Here is a quote from Father William J. O’Malley, about Catholic catechism: 

They’ve substituted formulas and catechism answers for an experience of God. … No one is converted at the end of a catechism.

Much of the article seems to come down to “Catholics should feel more.”

As long as we’re on the topic of conversion, the funny thing, of course, is that a lot of evangelicals drawn to Catholicism think “Evangelicals should feel less. They should think more, like Catholics do.” That emotional “experience of God” is impossible for many of them to sustain without the thinking and the catechism and the long, dry tradition of scholarship. It’s what they find lacking in evangelicalism.
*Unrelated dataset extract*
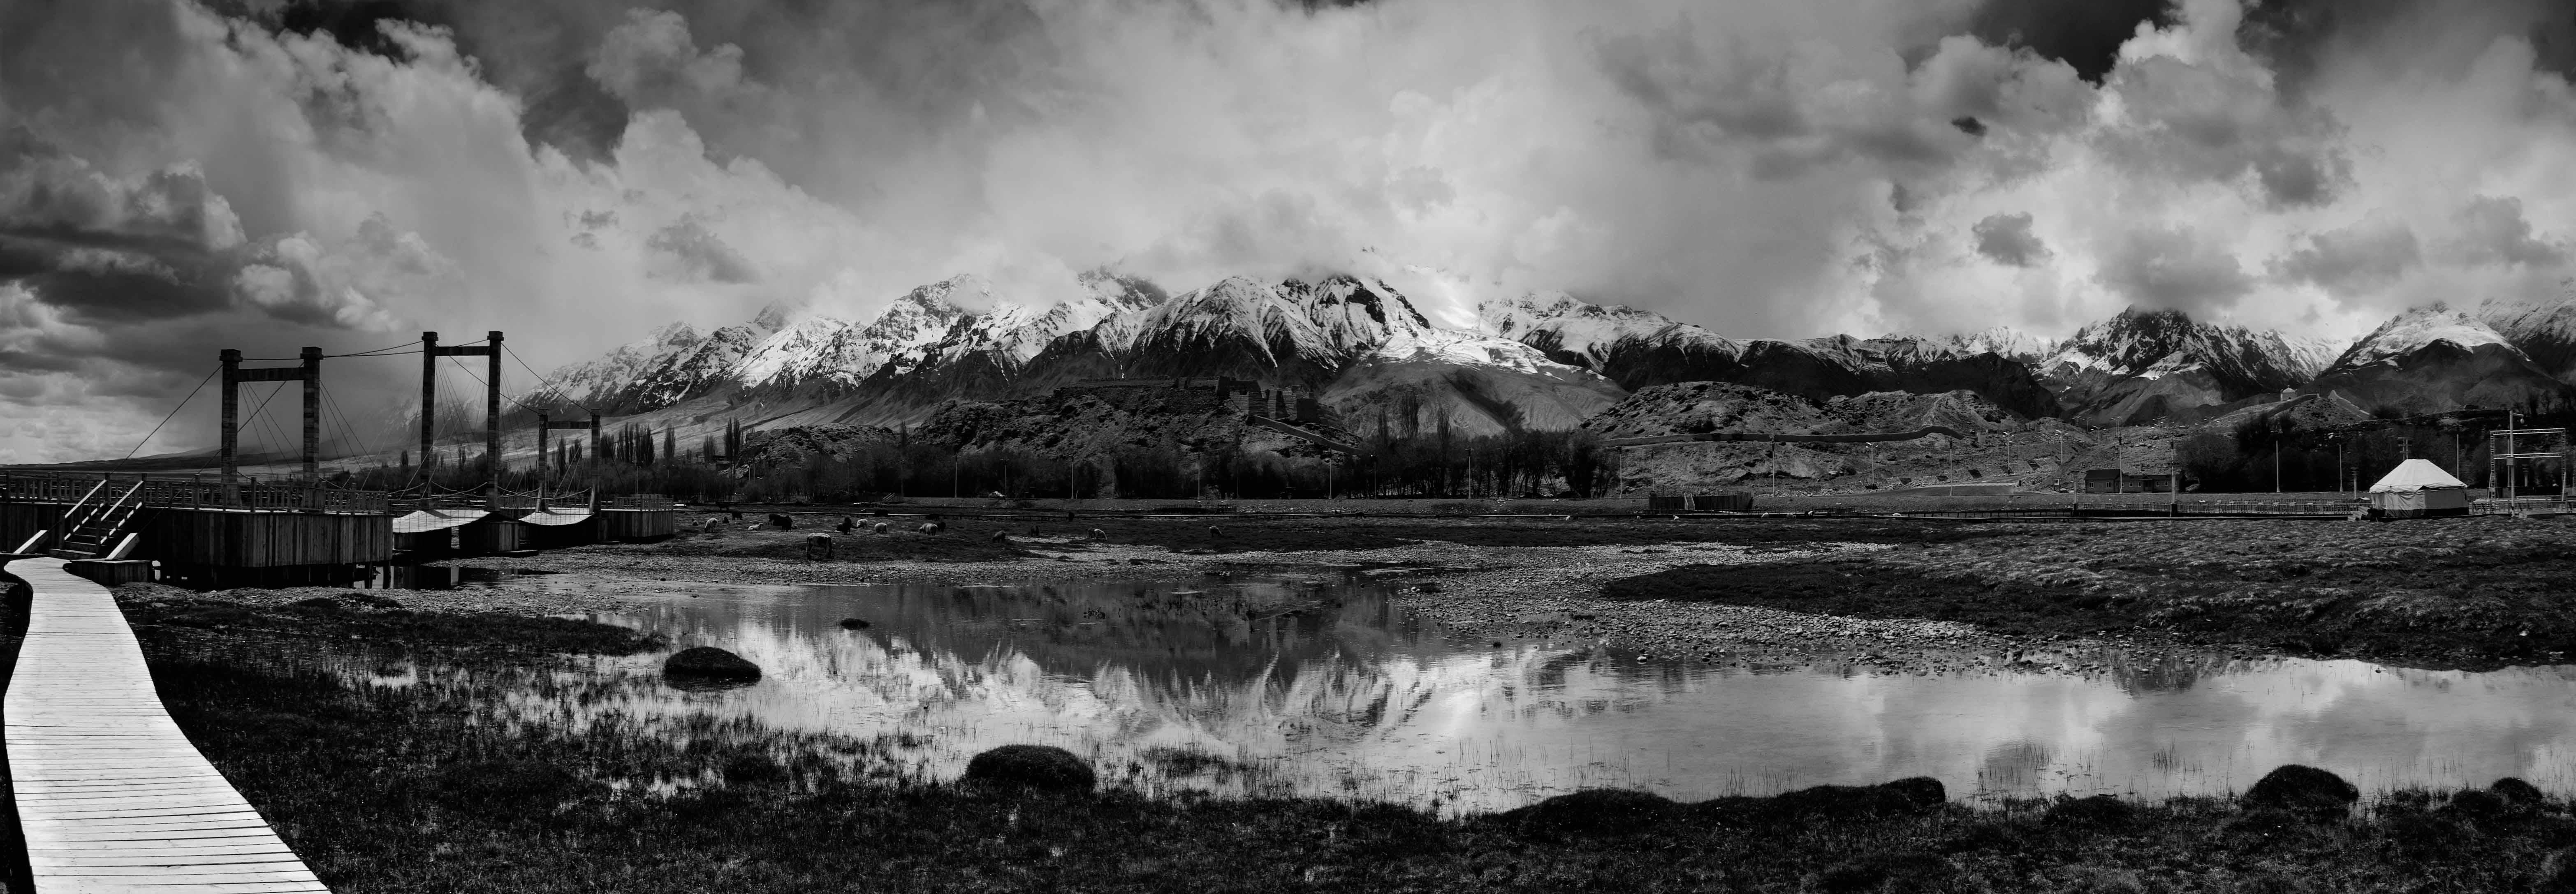 Terms And Conditions >> Kashgar-Karakoram Highway | Portfolios | Corneliu Cazacu

It’s ironic: Catholics think Catholics should be more evangelical, and evangelicals think evangelicals should be more Catholic.

Of course it’s the evangelical converts who are the most gung-ho about not being evangelical. I showed this article to my sister, an evangelical convert to Catholicism, who said it’s silly to make Catholics less Catholic: “In the end, the evangelicals are better at being evangelical, so we’ll never beat them at their own game.”

But hey, our personality determines our theology anyway. I’ve always joked that we’re born a certain theology and discover it. Calvinists are born Calvinists. Whether they’re raised Pentecostal or Baptist or not, they’ll unearth their inner Calvinist soon enough. This language of “feeling” and “experiencing” and “thinking” and “reasoning” must show that. Some people feel more; some people think more. Hence the yearning of “feelers” who are born into “thinking” traditions, and the yearning of “thinkers” who are born into “feeling” traditions. Does a lot of our theology boil down to our own personality comfort zones? I think yes.